Immigrants in past centuries came here to become Americans, not to remain foreigners, much less to proclaim the rights of their homelands to reclaim American soil, as some of the Mexican activist groups have done.
In the wars that this country fought, immigrant groups were among the most patriotic volunteers, earning the respect of American citizens on the battlefield with their blood and their lives.
Today, immigrant spokesmen promote grievances, not gratitude, much less patriotism. Moreover, many native-born Americans also promote a sense of separatism and grievance and, through "multi-culturalism," strive to keep immigrants foreign and disaffected.
This is not to say that all or most of the illegal immigrants themselves share this anti-establishment or anti-American bias of many of their spokesmen or supporters. Most are probably here to make a buck and have little time for ideology.
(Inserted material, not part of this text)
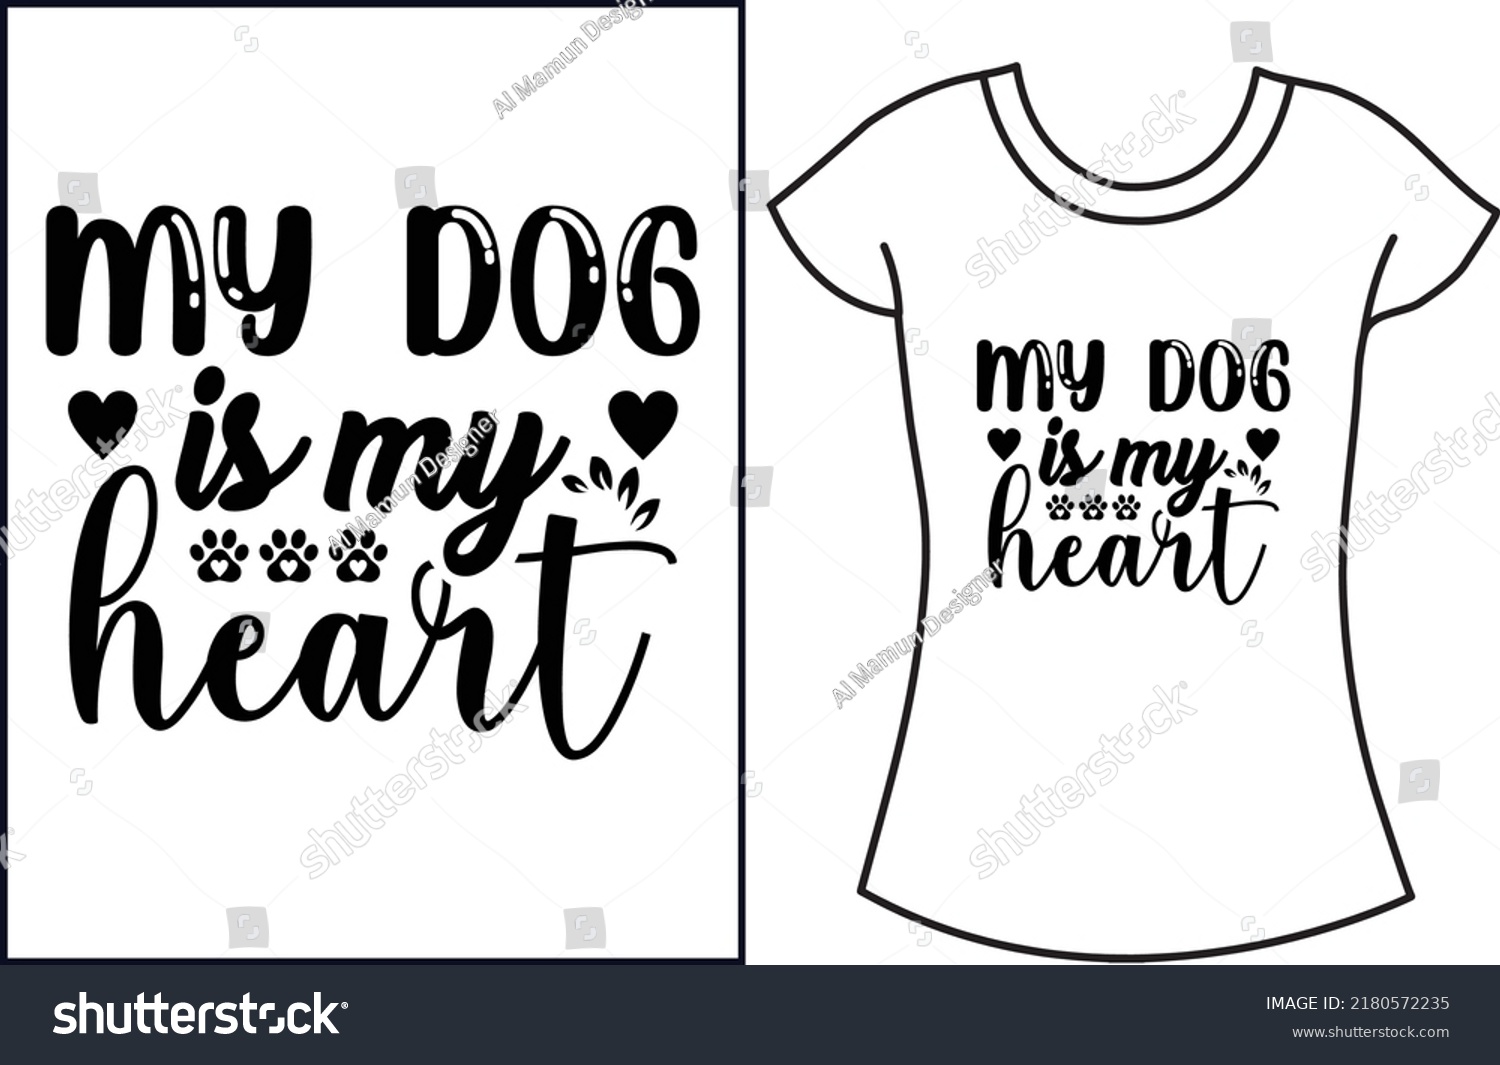 SVG of Dog svg t shirt design. Dog lover t shirt design gift for women. svg

Hispanic activists themselves recognize that many of the immigrants from Mexico -- legal or illegal -- would assimilate into American society in the absence of these activists' efforts to keep them a separate constituency. But these efforts are widespread and unrelenting, a fact that cannot be ignored.
Whatever is said or done in the immigration debate, no one should insult the American people's intelligence by talking or acting as if this is a question about the movement of abstract people across an abstract line.
What is likely to be done? A pretense of reducing illegal immigration and a reality of amnesty under some other name.